Optimizing multiple hyperparameters

If you want to optimize multiple hyperparameters at once, look into sklearn’s GridSearchCV function. This will allow you to perform cross-validation across many hyperparameters at once. However, be careful not to go overboard in selecting too many possible hyperparameter combinations (esp. with complex models that take a while to train). It is typically better to investigate just a small subset of possible hyperparameter values so that you can find a good model (maybe not necessarily the BEST, but good enough) before the sun explodes.

Deep Learning

Deep learning usually refers to newer neural network architectures which use a special type of network known as a convolutional network. Typically, these have many layers and thousands of neurons. They are very good at tasks such as image recognition but take a long time to train and run. They are often used with GPU (Graphical Processing Units) which are good at executing multiple operations simultaneously. It is very common to use cloud computing or HPC systems with multiple GPUs attached.

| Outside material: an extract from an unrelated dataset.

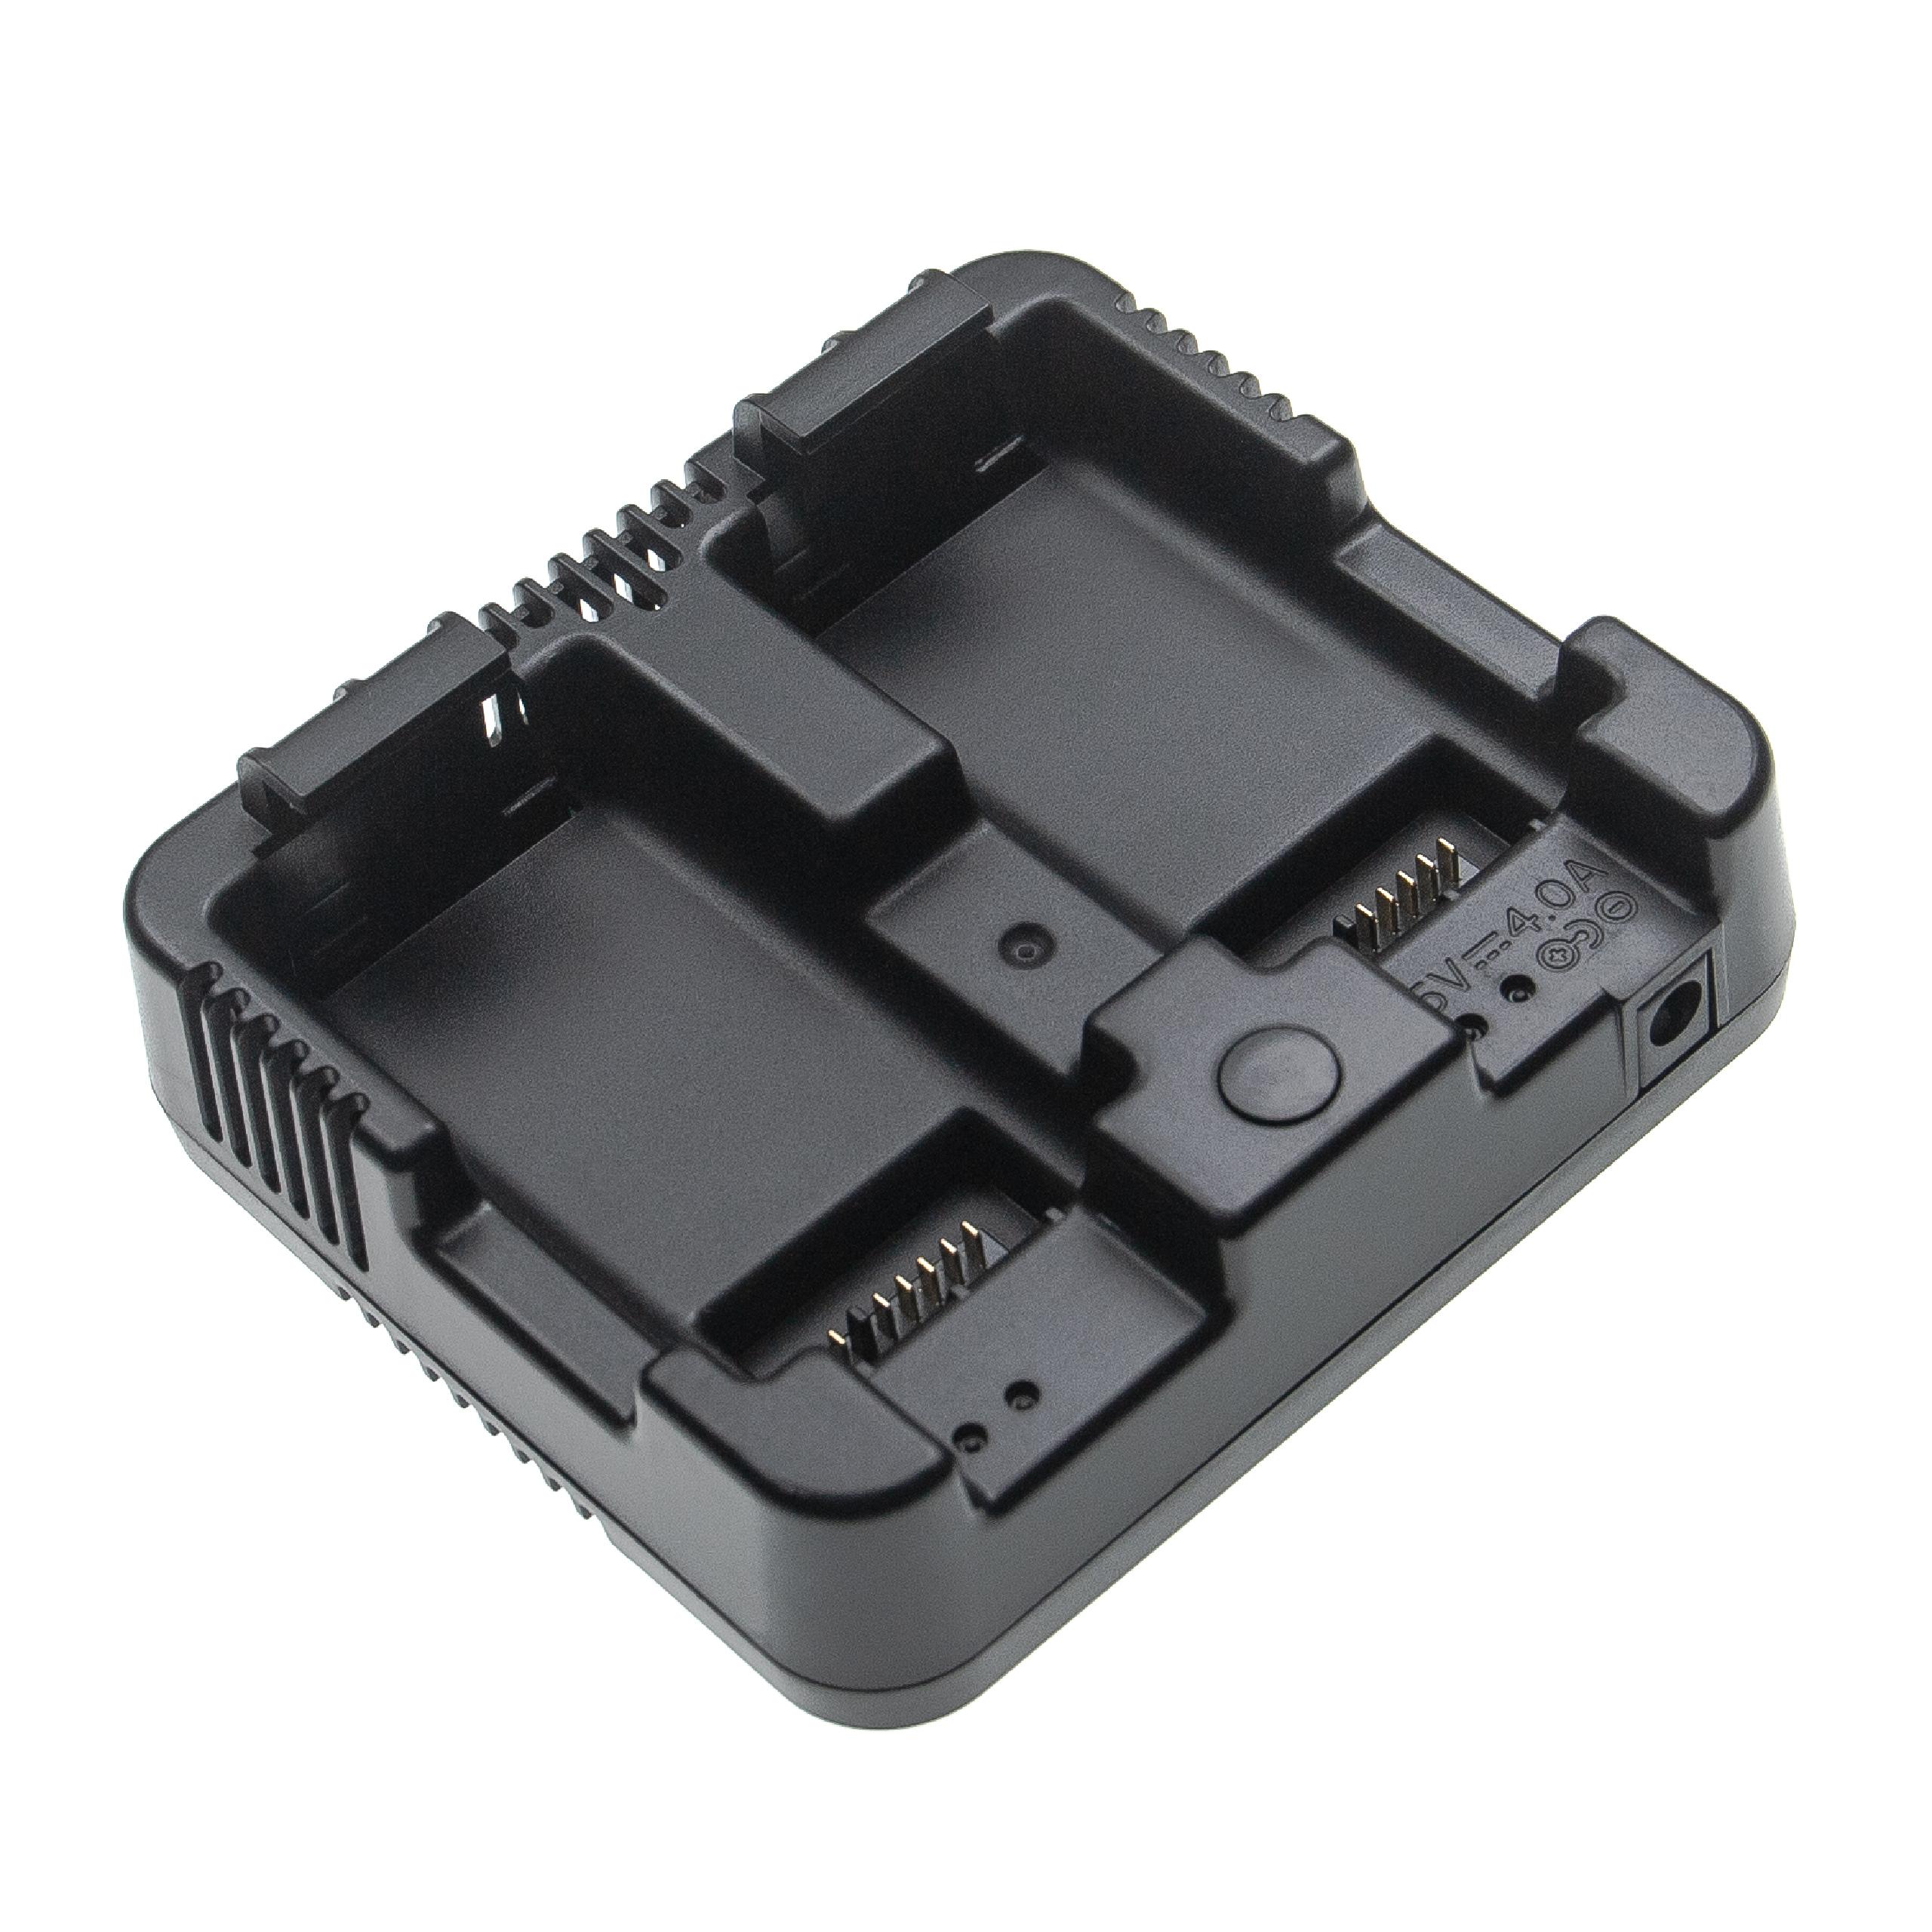 Charger as Replacement for Nikon 108571-00, 53708-00 for Measuring Tool / Battery - Charge Dock, 5 V / 4 A

Scikit learn is not really setup for Deep Learning. We will have to rely on other libraries. Common choices include Google’s TensorFlow, Keras, (Py)Torch or Darknet. There is however an interface layer between sklearn and tensorflow called skflow. A short example of doing this can be found at https://www.kdnuggets.com/2016/02/scikit-flow-easy-deep-learning-tensorflow-scikit-learn.html.

Cloud APIs

Google, Microsoft, Amazon, and many others now have Cloud based Application Programming Interfaces (APIs) where you can upload an image and have them return you the result. Most of these services rely on a large pre-trained (and often proprietary) neural network.

Exercise: Try cloud image classification

Take a photo with your phone camera or find an image online of a common daily scene. Upload it Google’s Vision AI example at https://cloud.google.com/vision/ How many objects has it correctly classified? How many did it incorrectly classify? Try the same image with Microsoft’s Computer Vision API at https://azure.microsoft.com/en-gb/services/cognitive-services/computer-vision/ Does it do any better/worse than Google?

Key Points

  • Perceptrons are artificial neurons which build neural networks.

  • A perceptron takes multiple inputs, multiplies each by a weight value and sums the weighted inputs. It then applies an activation function to the sum.

  • A single perceptron can solve simple functions which are linearly separable.

  • Multiple perceptrons can be combined to form a neural network which can solve functions that aren’t linearly separable.

  • We can train a whole neural network with the back propagation algorithm. Scikit-learn includes an implementation of this algorithm.

  • Training a neural network requires some training data to show the network examples of what to learn.

  • To validate our training we split the the training data into a training set and a test set.

  • To ensure the whole dataset can be used in training and testing we can train multiple times with different subsets of the data acting as training/testing data. This is called cross validation.

  • Deep learning neural networks are a very powerful modern technique. Scikit learn does not support these but other libraries like Tensorflow do.

  • Several companies now offer cloud APIs where we can train neural networks on powerful computers.